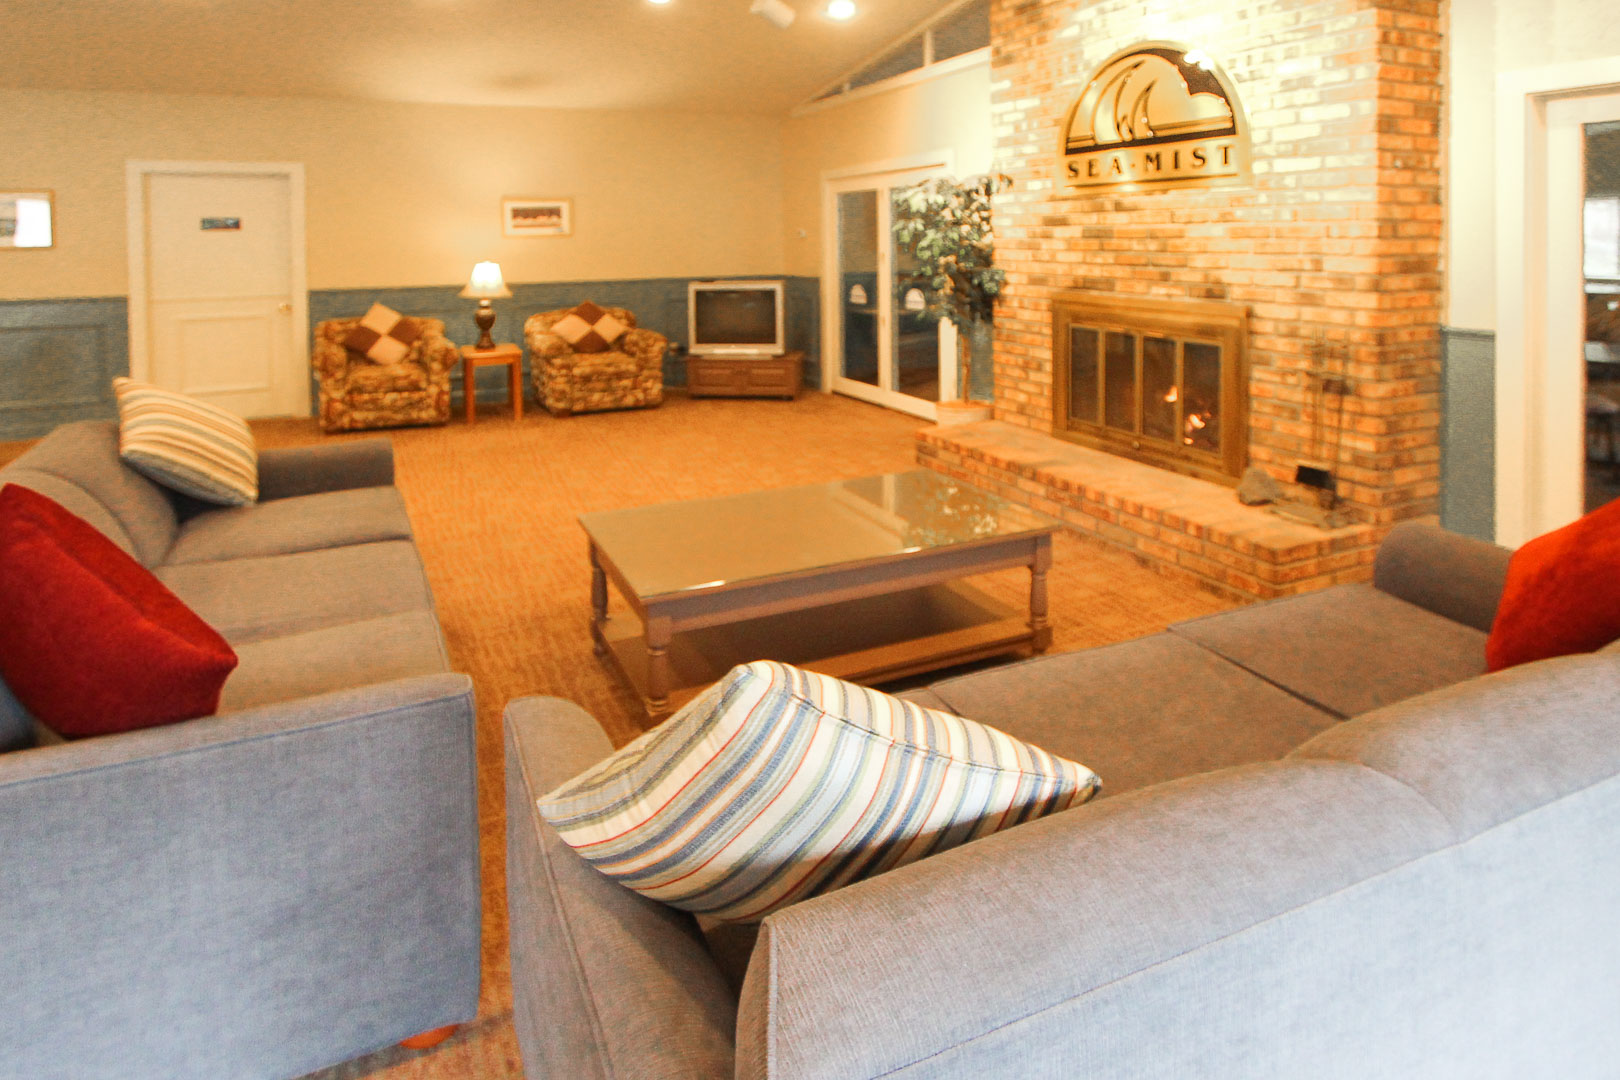 A welcoming lobby area at VRI's Sea Mist Resort in Massachusetts.
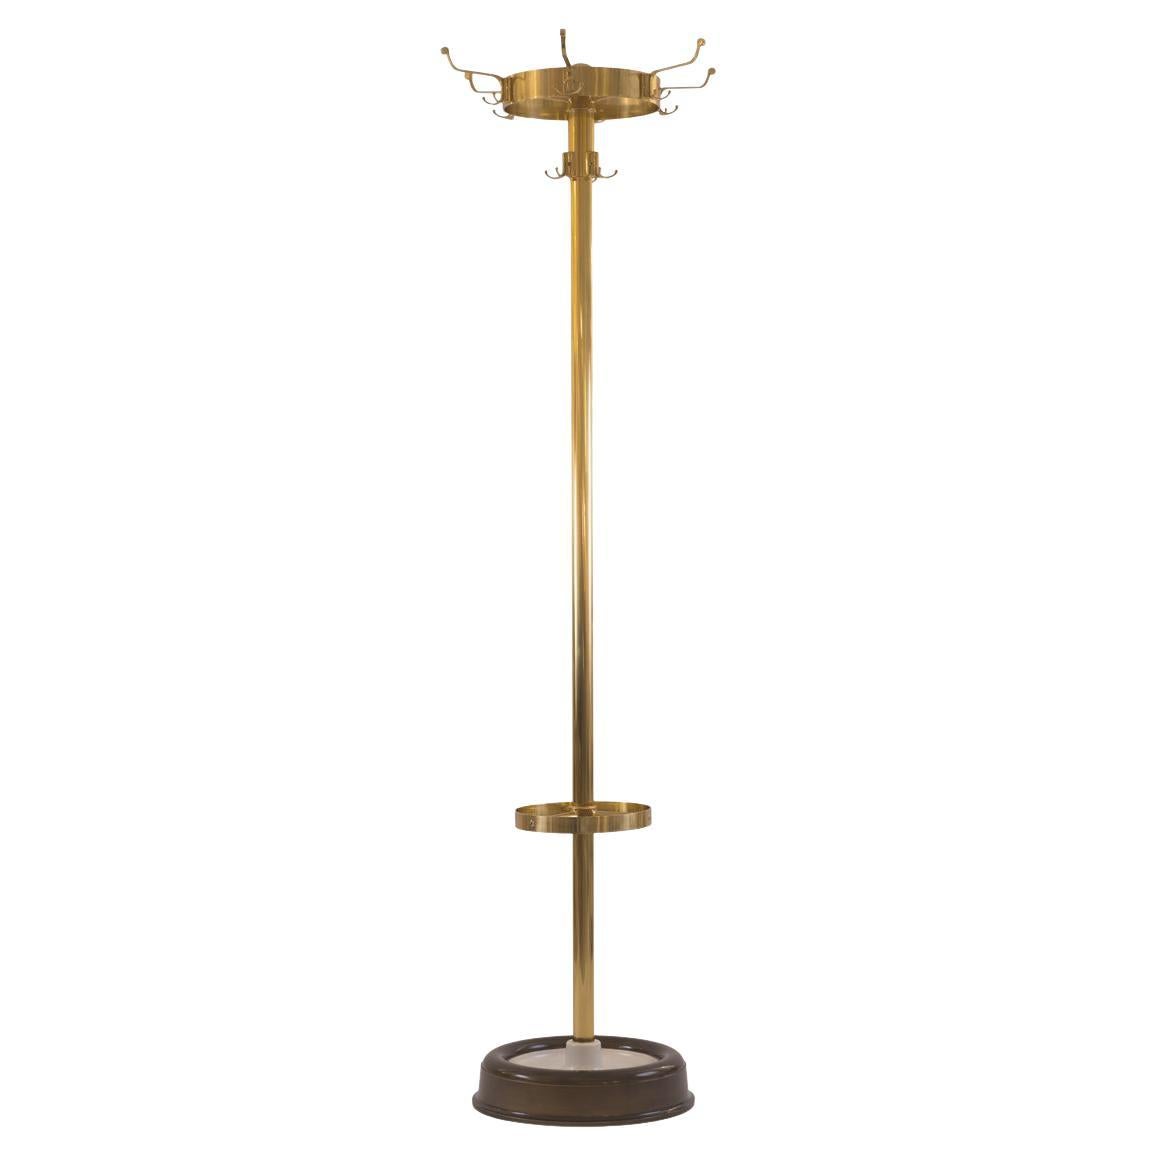 Very Elegant Viennese 50ies Coatstand Pictured in a Semigloss Finish, Re Edit
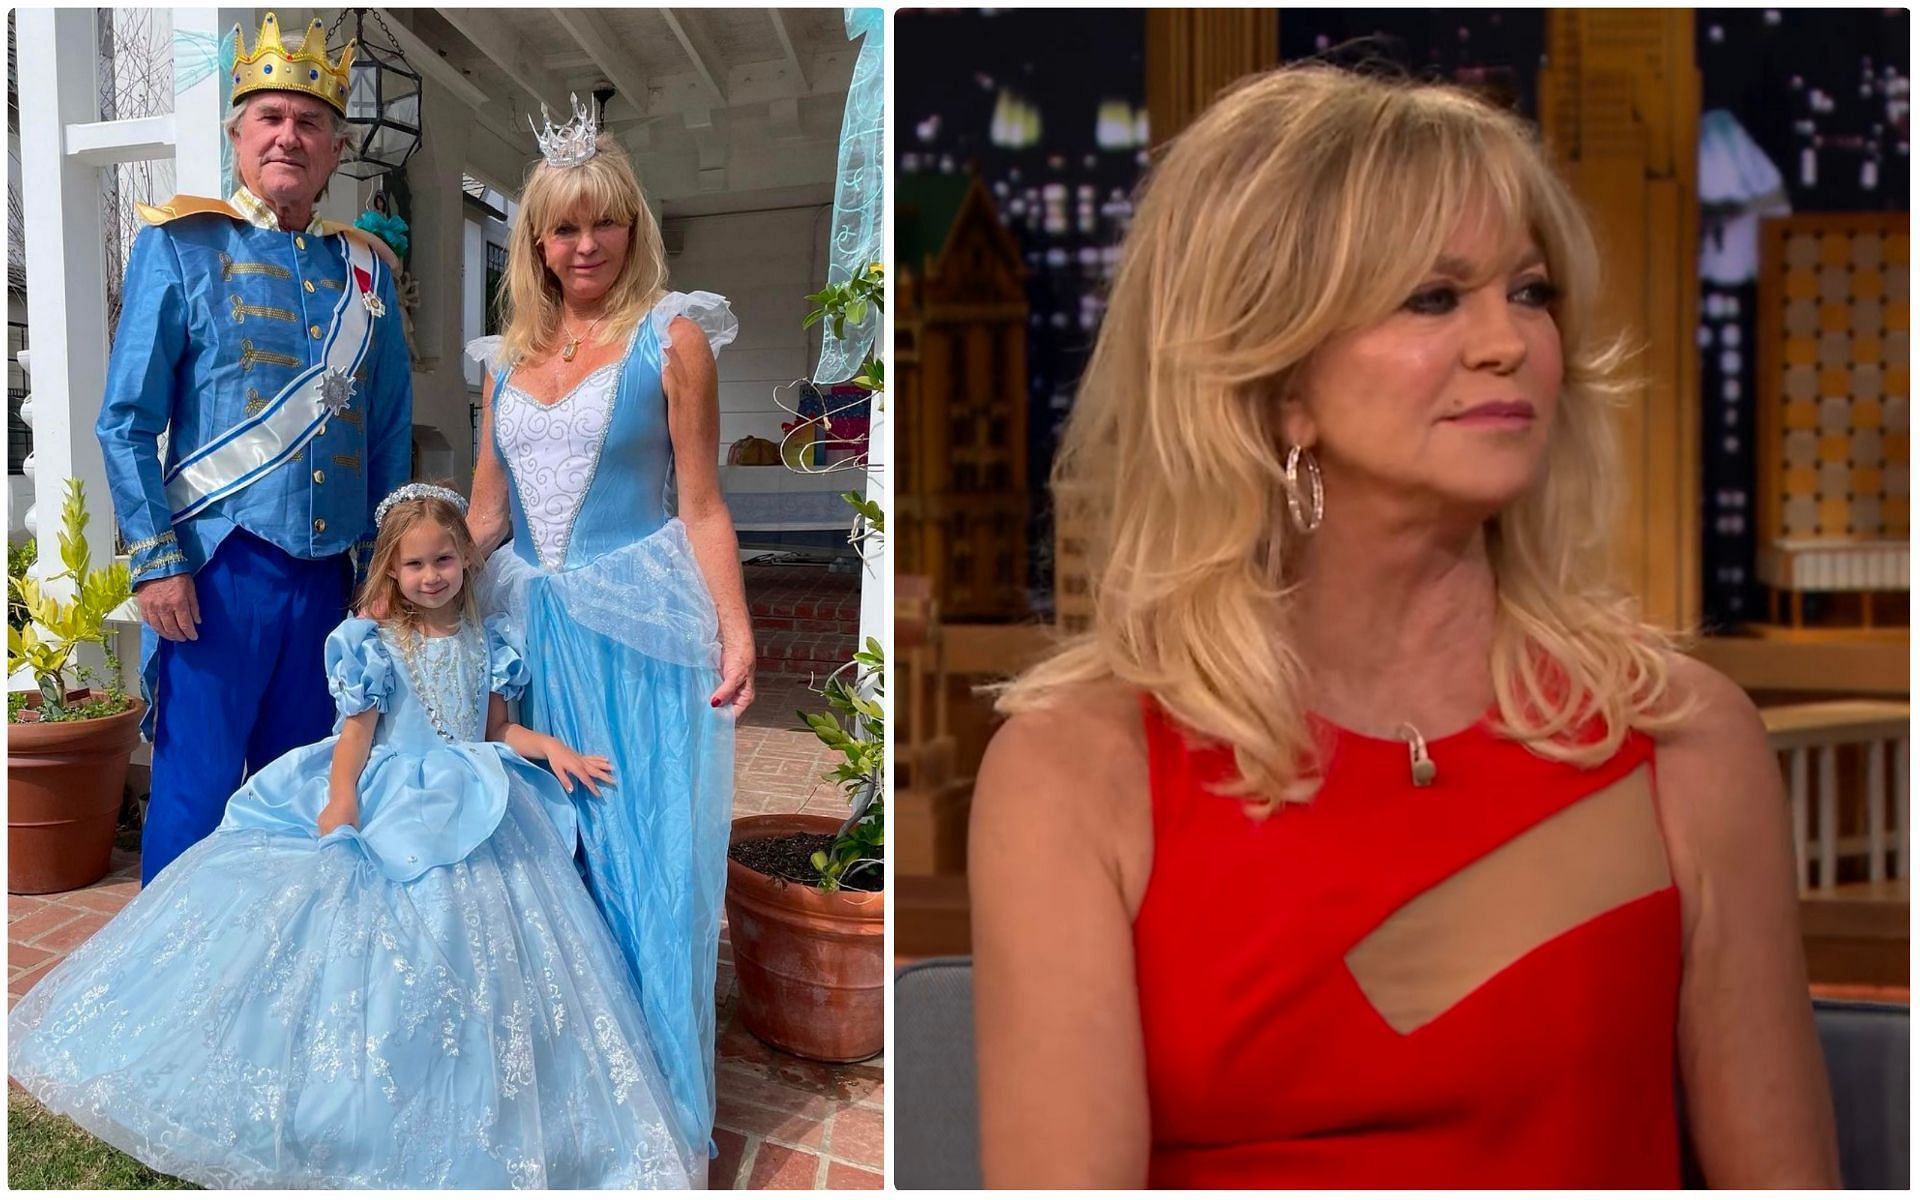 Goldie Hawn dressed up like Cindrella for her granddaughter
○ ○ ○ ○ ○
● Work order: Working from the lines above, reproduce the material exactly and exclude its pictures.

● Output below:
 A welcoming lobby area at VRI's Sea Mist Resort in Massachusetts.
 Very Elegant Viennese 50ies Coatstand Pictured in a Semigloss Finish, Re Edit
 Goldie Hawn dressed up like Cindrella for her granddaughter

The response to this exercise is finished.